I hate getting makeup in my eyes

… Don’t you?

I usually try to wave off the stuff, but I had been sweating all day (good, healthy, manly sweat, mind you), and I had a good Nixonian shine going when I entered the ETV building. So this time I didn’t resist when I was steered to the makeup room.

Greg Ryberg was in front of me, and he really needed the help. HeEndorses had seriously gouged himself shaving, and had this big, honking scab just below his lower lip. The makeup lady managed to cover it well enough for TV purposes, so he didn’t look like he had a communicable disease or something.

Thomas Ravenel was behind me, settling in the chair when I got up, and he immediately went into the regular-guy "I-don’t-think-I-need-this-stuff" routine, and the makeup lady responded by saying he didn’t have to have it if he didn’t want it. I don’t know whether he stayed and had his face done or not, but I didn’t notice him walking out with me.

The whole TV experience has an air of unreality that makes it hard to be natural, which is why hardly anybody is. You’ve got this weird goop on your face (at the end, Rick Quinn asked — a little too late — whether it would harden like concrete), and you can see every move you’re making on monitors. Do I really look like that? I hope not. Why is my head leaning over like that? And you try to straighten it up, but you lean it over more, looking like your spine’s having a convulsion or something, because it’s not a mirror. It’s like a mirror of a mirror, and just really discombobulating to the nervous system.

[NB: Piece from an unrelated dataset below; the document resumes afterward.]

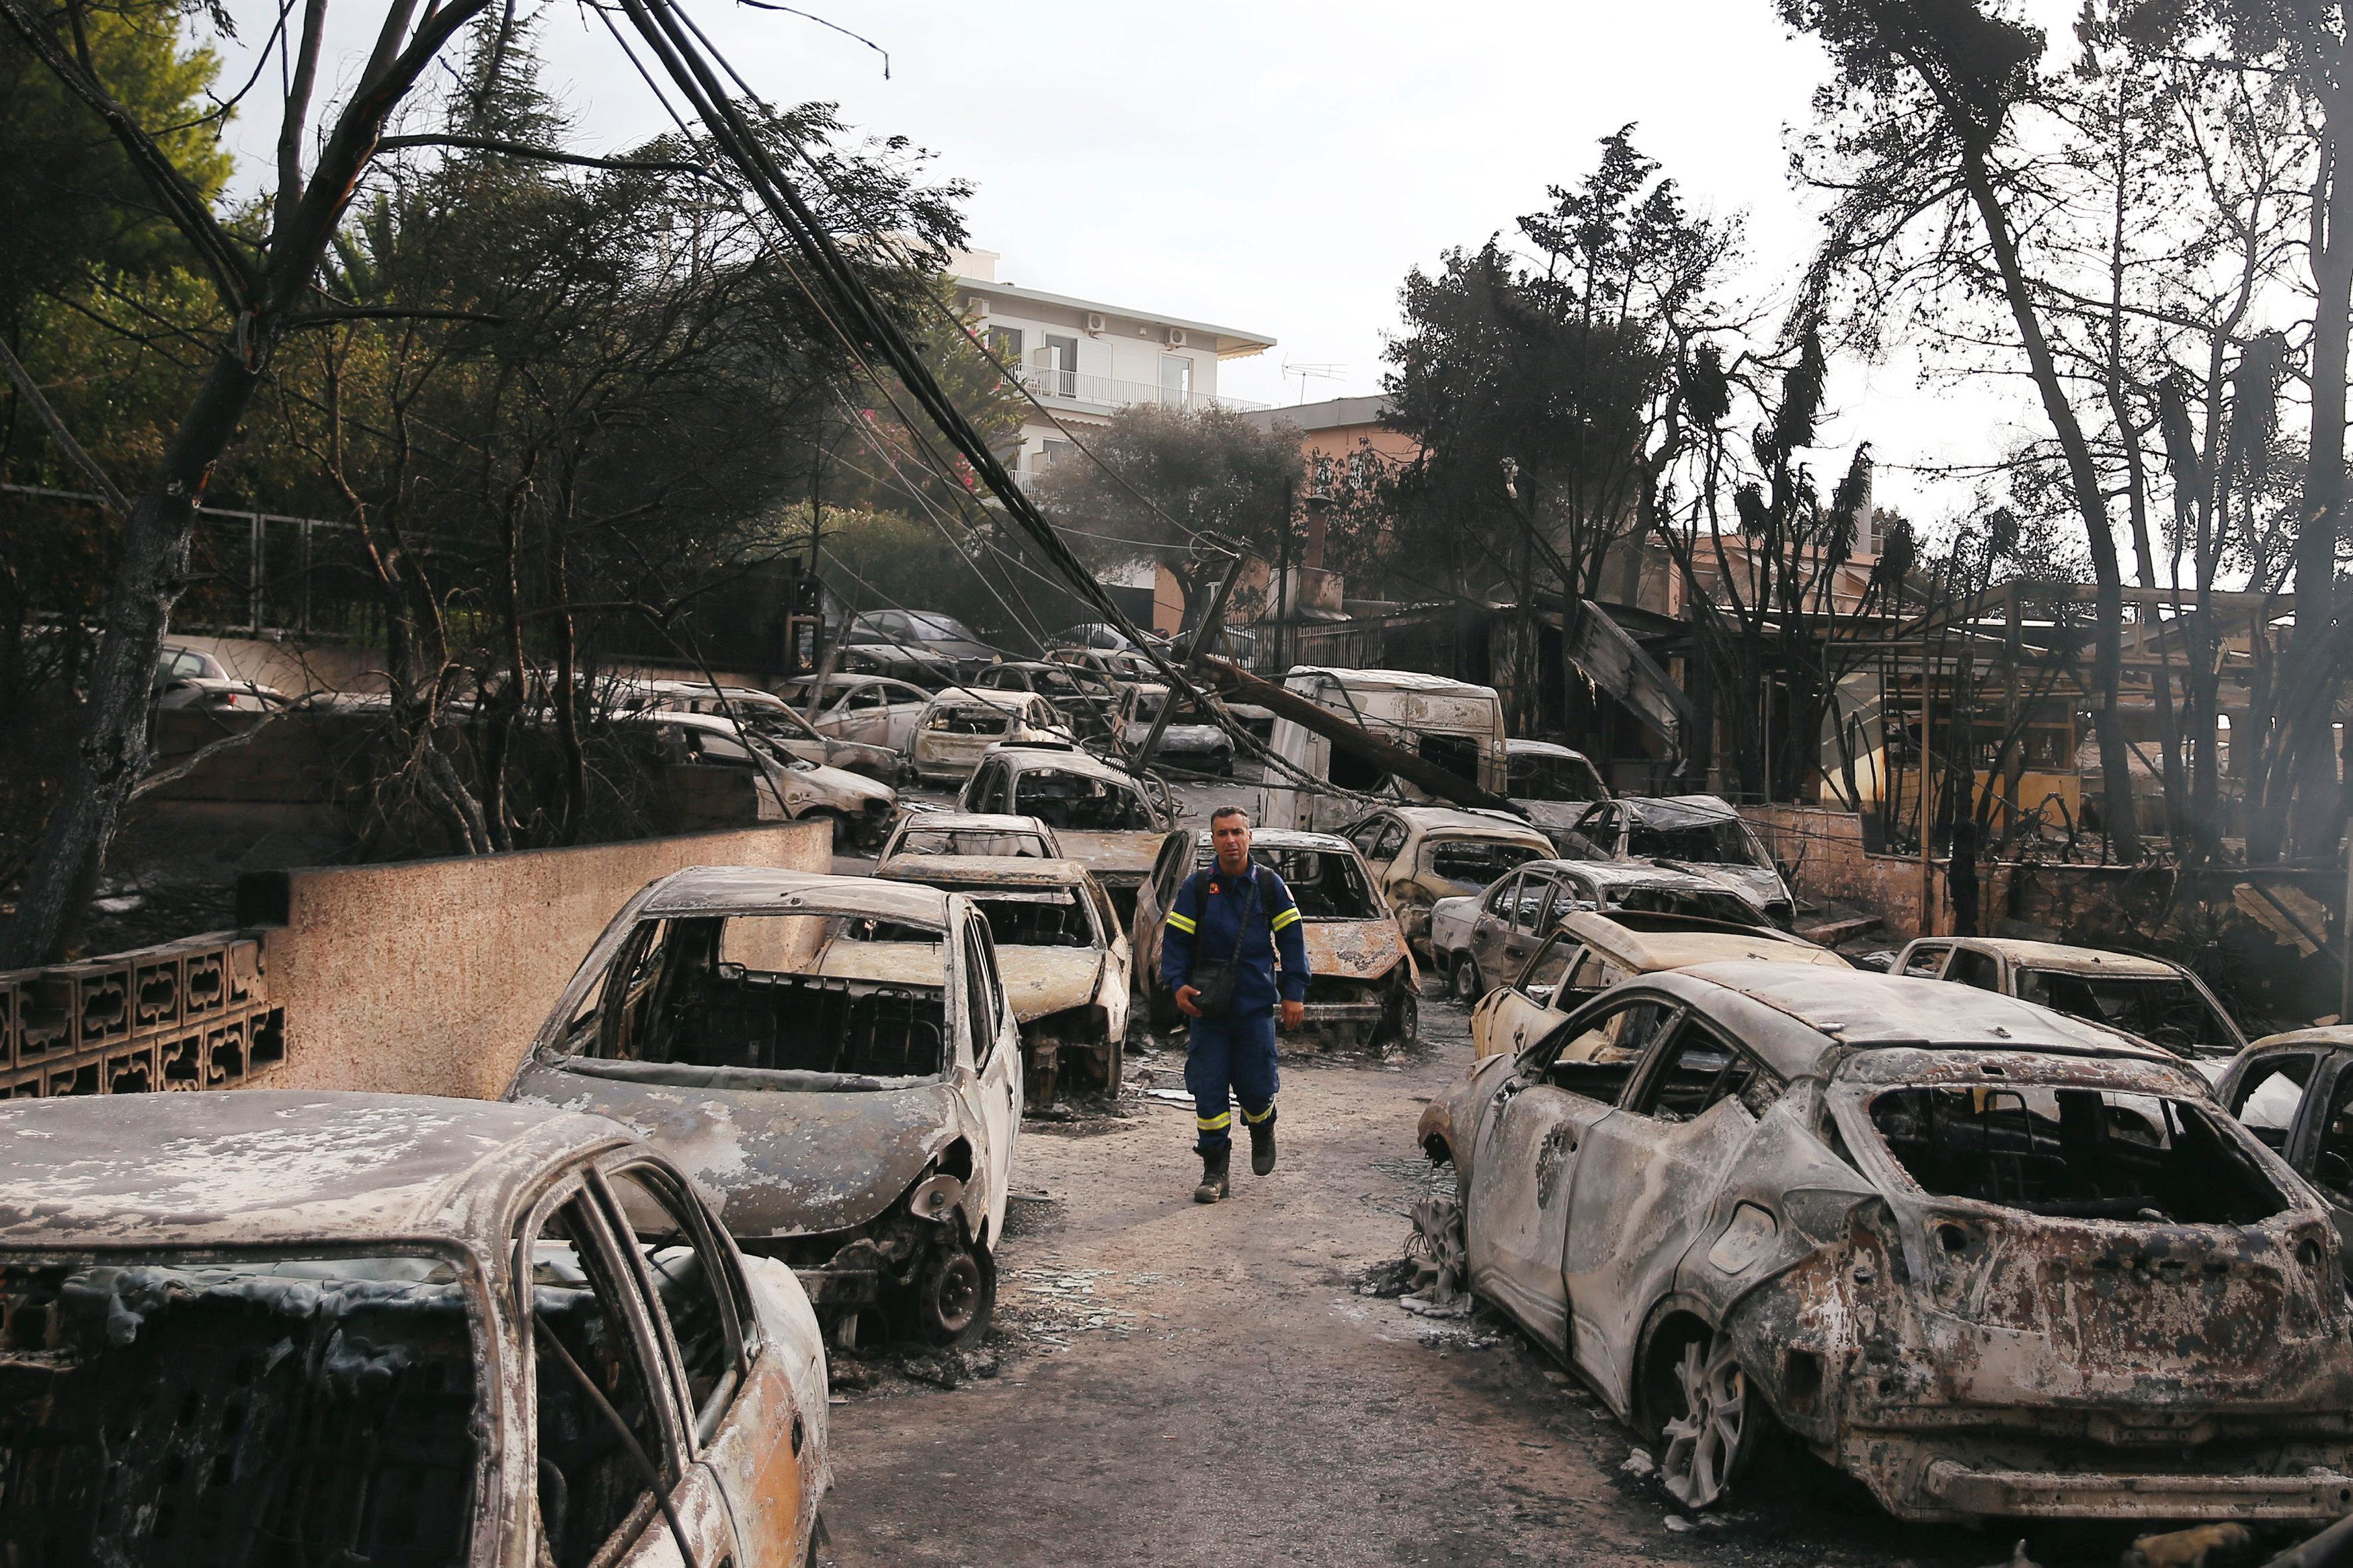 Η ελληνική πυροσβεστική υπηρεσία αναφέρει ότι ο αριθμός των νεκρών στις πυρκαγιές αυξάνεται σε 79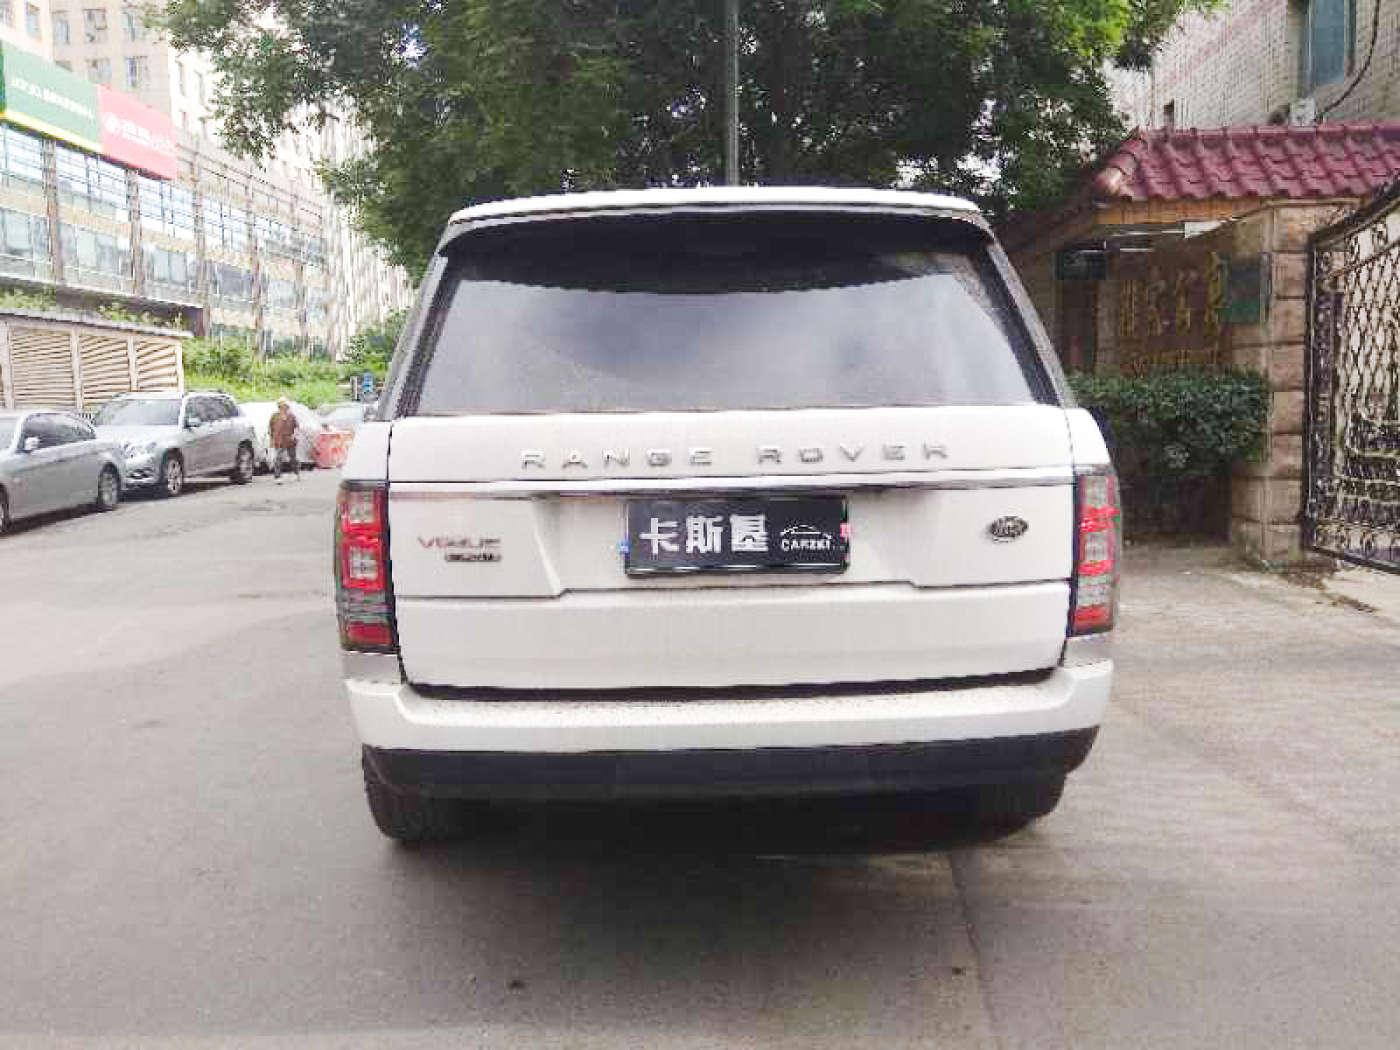 2016年06月 路虎 揽胜 2015款 3.0 V6 SC Vogue|甄选捷豹路虎-北京卡斯基汽车服务有限公司

At that moment, the host signals that it’s your turn to ask a question, and all you can think of for a second is, "How come my neck looks like it’s broken, and when did my hair get so mangy?"

It’s all so distracting, I forgot to wave. Sorry.

This is why I prefer radio — or better yet, the written word. You can think about the conversation, instead of whether you’re sitting up straight.